Символично, что именно 20-я годовщина совпала с оживлением российской политической жизни. Постсоветская парадигма, для которой декабрь 1991-го служил точкой отсчета во всех смыслах, исчерпала себя. Из этого не следует, что она хороша или плоха. Просто она была переходной, а теперь не соответствует состоянию общества, характеру задач, которые оно должно решать. Советский опыт, даже в его позитивных проявлениях, неприменим к новому времени, а у целого поколения, вошедшего в самостоятельную жизнь, его просто нет. Поэтому понятийный и содержательный разрыв между управляющим слоем, который во многом остается еще постсоветским, и теми, кем он управляет, будет расти.
Оглядываясь на исчезновение СССР, остается только удивляться тому, что в решающий момент не нашлось практически никого, кто встал бы на защиту оказавшейся под ударом системы. Почти никто не был готов открыто выразить солидарность с ней. Ее легитимность иссякла, хотя, если не впадать в антикоммунистический задор, стоит признать, что хватало людей, многим обязанных советской власти.
В этом, пожалуй, главный урок распада, неслучайно в Китае, например, написаны сотни исследований именно на эту тему — как, не вводя западную демократию, избежать отчуждения общества от политической машины. Потому что когда такое случается, граждане равнодушно взирают на ее слом, а это неизменно порождает катаклизмы.
Современная Россия мало похожа на СССР, однако и ей предстоит отвечать на тот же вопрос. Промежуточная модель, сформировавшаяся за послесоветские годы и сочетающая в себе элементы демократии с манипулированием общественным мнением и режимом персоналистского типа, на определенных этапах способна обеспечить власти легитимность. Последняя, однако, весьма неустойчива, поскольку она опирается не на прочную институциональную базу, а на постоянно меняющуюся комбинацию факторов, в значительной степени субъективных. Между тем в современном крайне непредсказуемом мире всякое сомнение во внутренней легитимности вступает в резонанс с глобальной средой, ведь отгородиться от внешних влияний невозможно в силу коммуникационной и прочей прозрачности.
Это создает проблемы и для внешней политики. Конечно, обрушение статуса в том объеме, как это случилось с Советским Союзом, невозможно.

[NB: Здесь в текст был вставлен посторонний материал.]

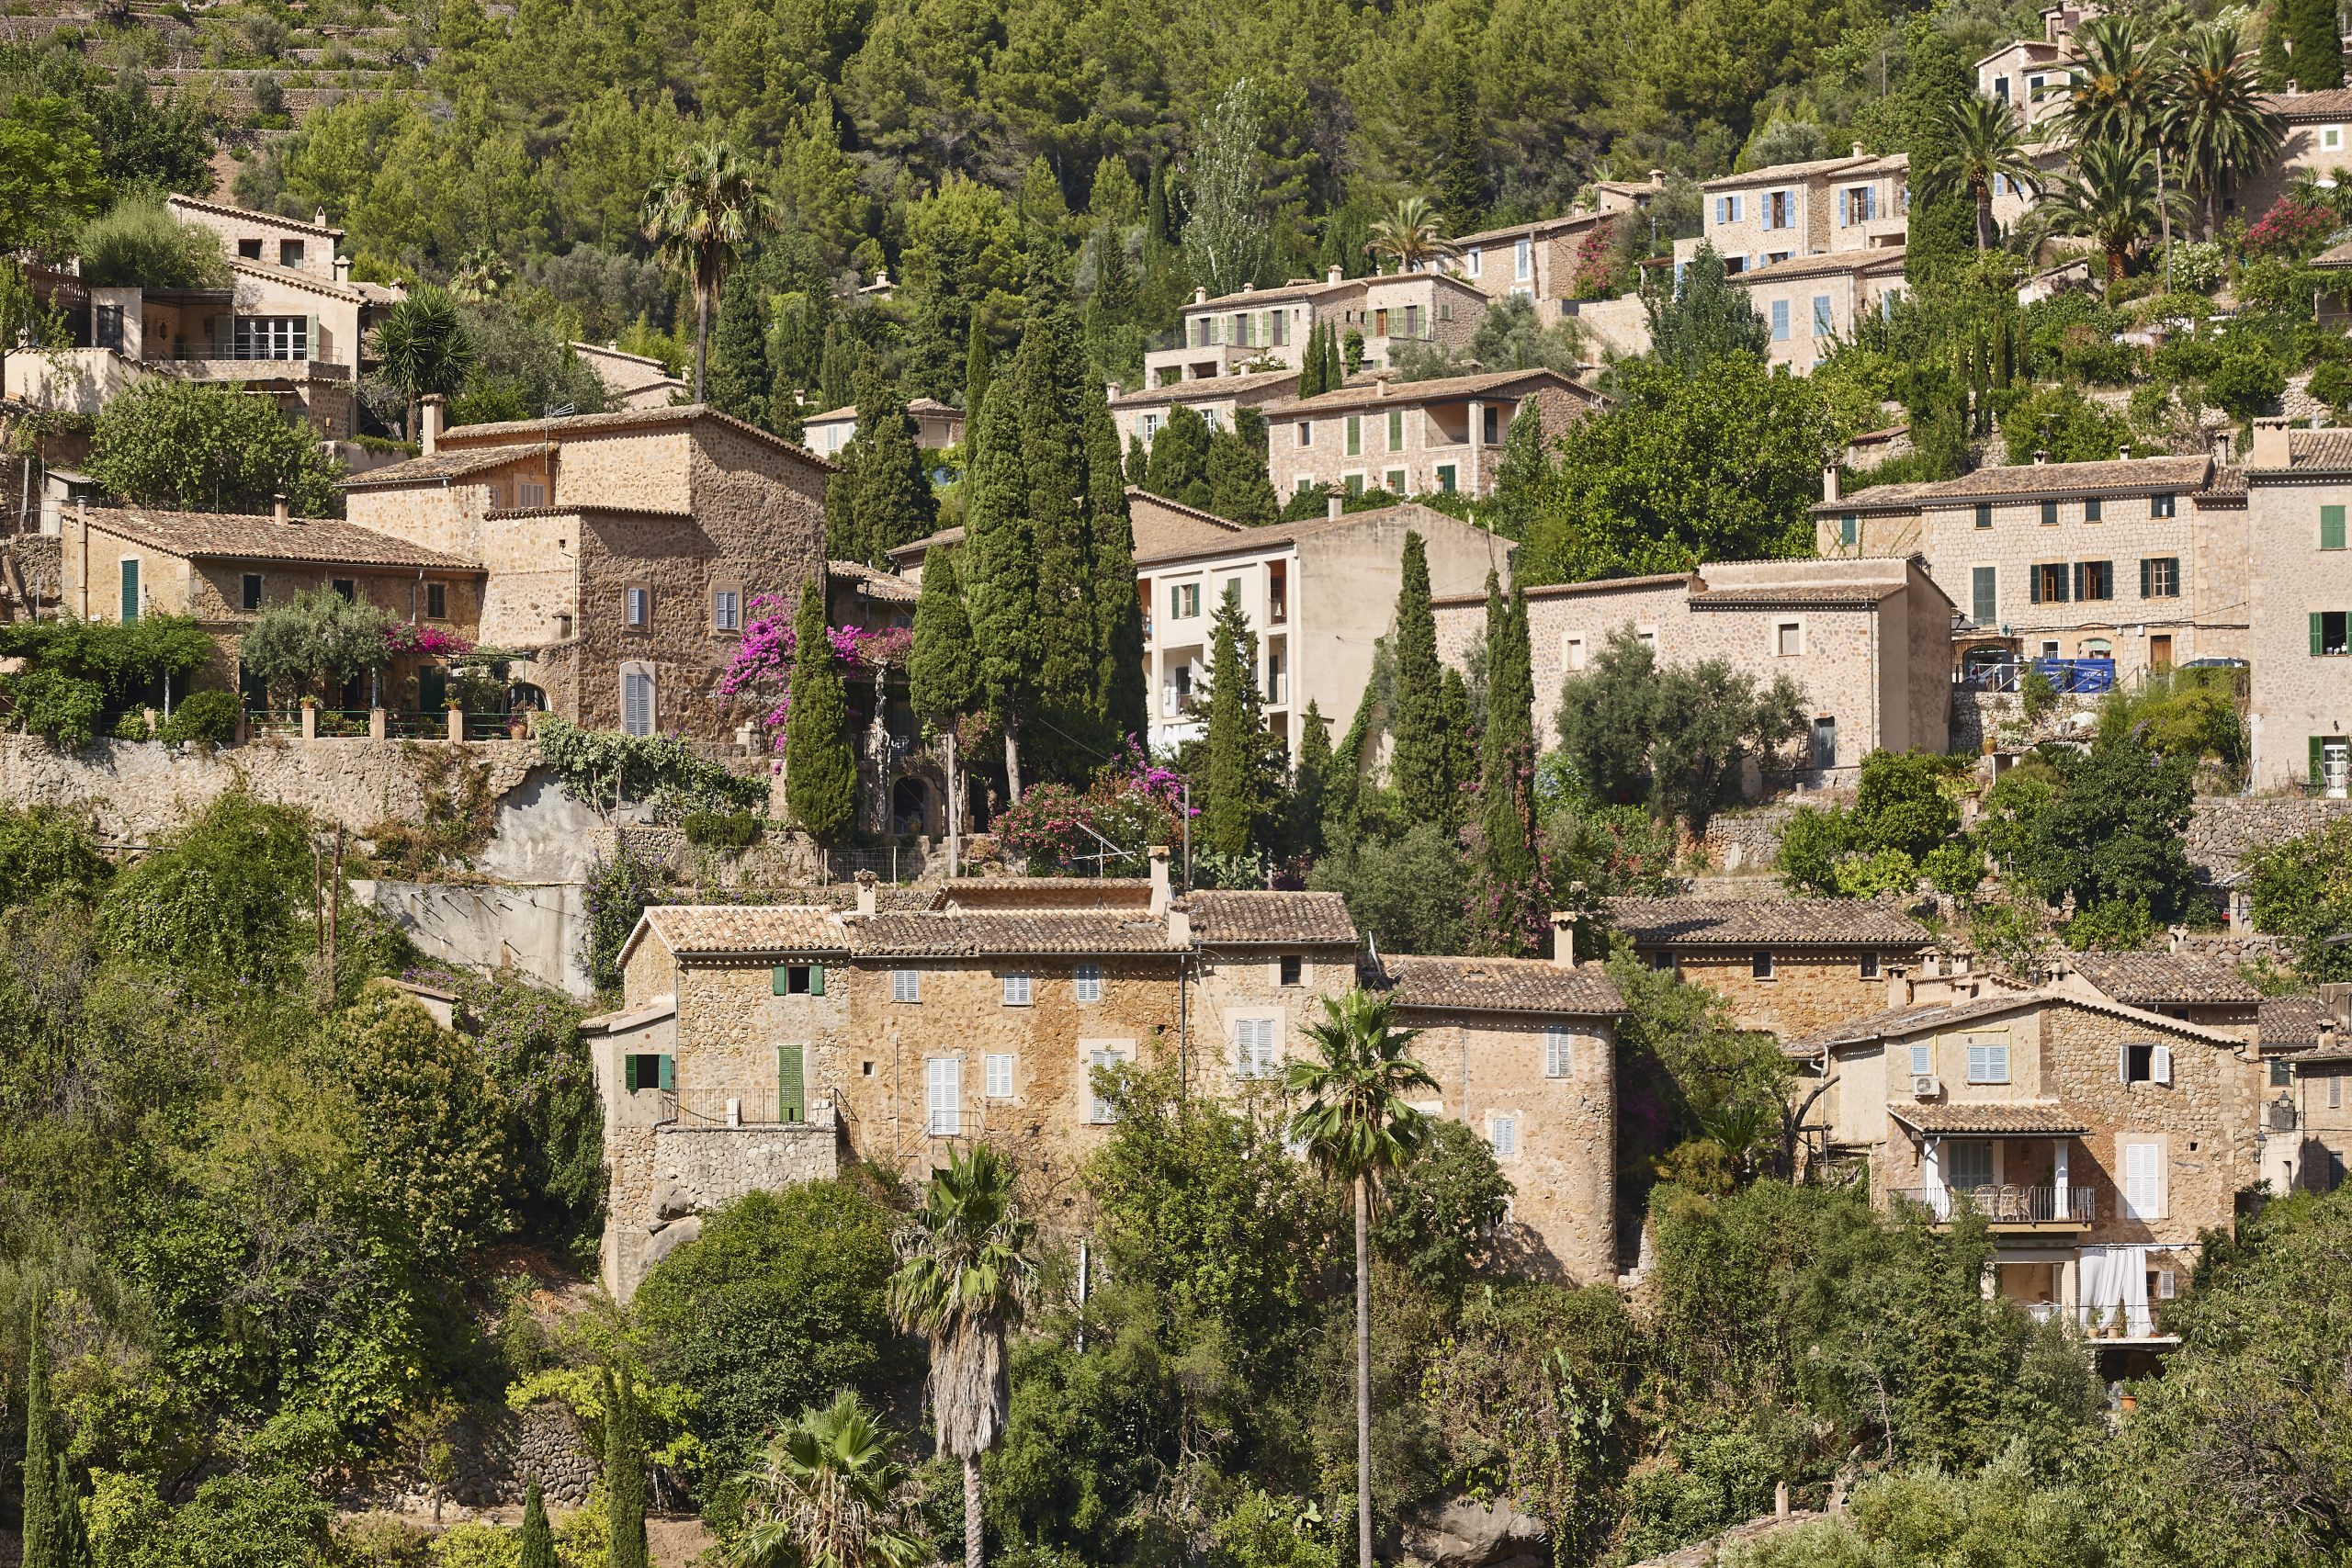 Wer auf Mallorca ein Haus bauen möchte, muss einige rechtliche Vorgaben erfüllen. Foto: ABBPhoto via Envato
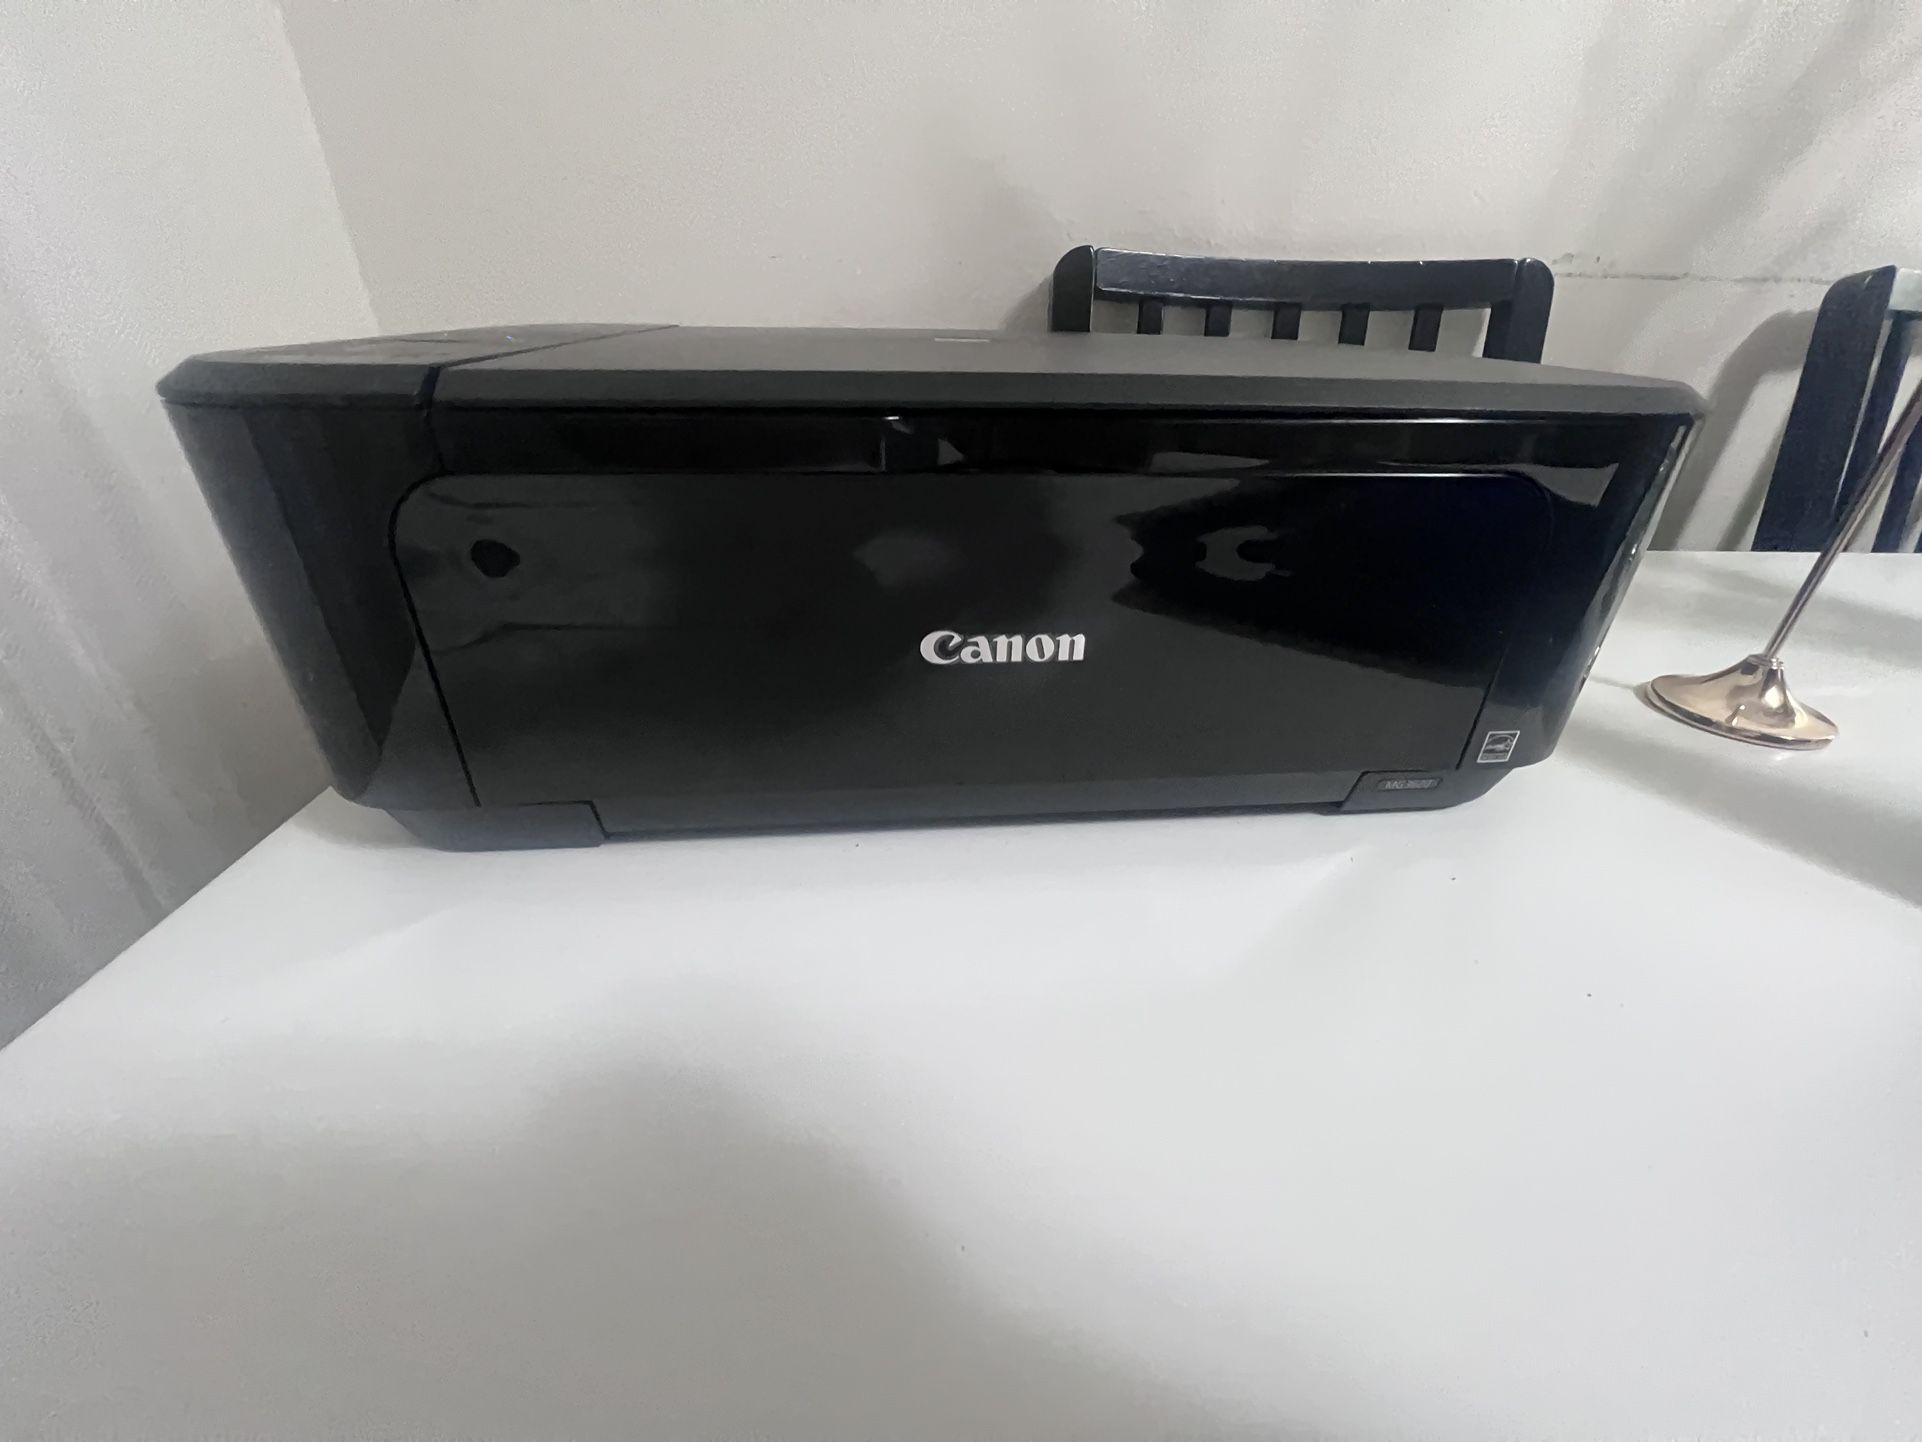 Canon MG3620 Printer

Однако успехи российской внешней политики, а они, безусловно, имели место в последнее десятилетие, отчасти были следствием той самой внутриполитической модели. Имидж Владимира Путина как полновластного хозяина огромной страны, способного при необходимости быстро принимать решения без оглядки на кого-либо, содействовал укреплению международных позиций России, как бы при этом ни относились лично к президенту-премьеру. Иными словами, Путин как лидер воспринимался более сильным и влиятельным игроком, чем Россия как держава, которую принято зачислять в категорию угасающих.
Оборотной стороной такого положения вещей является то, что размывание вышеупомянутого имиджа Путина в силу изменения внутренней ситуации скажется и на внешних возможностях России. Не проводя никаких параллелей, поскольку обстановка действительно другая, можно тем не менее вспомнить, как рушились внешнеполитические позиции СССР по мере нарастания внутренней нестабильности. Еще в 1989 году разговор с США, например, шел на равных, а с 1990-го началось стремительное падение. Как бы то ни было, отсутствие прочной институциональной основы российской власти делает и ее международное реноме зависимым от множества различных факторов, не имеющих отношения к собственно внешней политике.
В своем прощальном обращении, которое было передано по телевидению в 19.00 25 декабря 1991 года, президент СССР Михаил Горбачев подвел итог своему правлению: «Общество получило свободу, раскрепостилось политически и духовно. И это самое главное завоевание, которое мы до конца еще не осознали и потому, что еще не научились пользоваться свободой». Спустя двадцать лет его слова можно повторить — пользоваться свободой России по-прежнему предстоит учиться.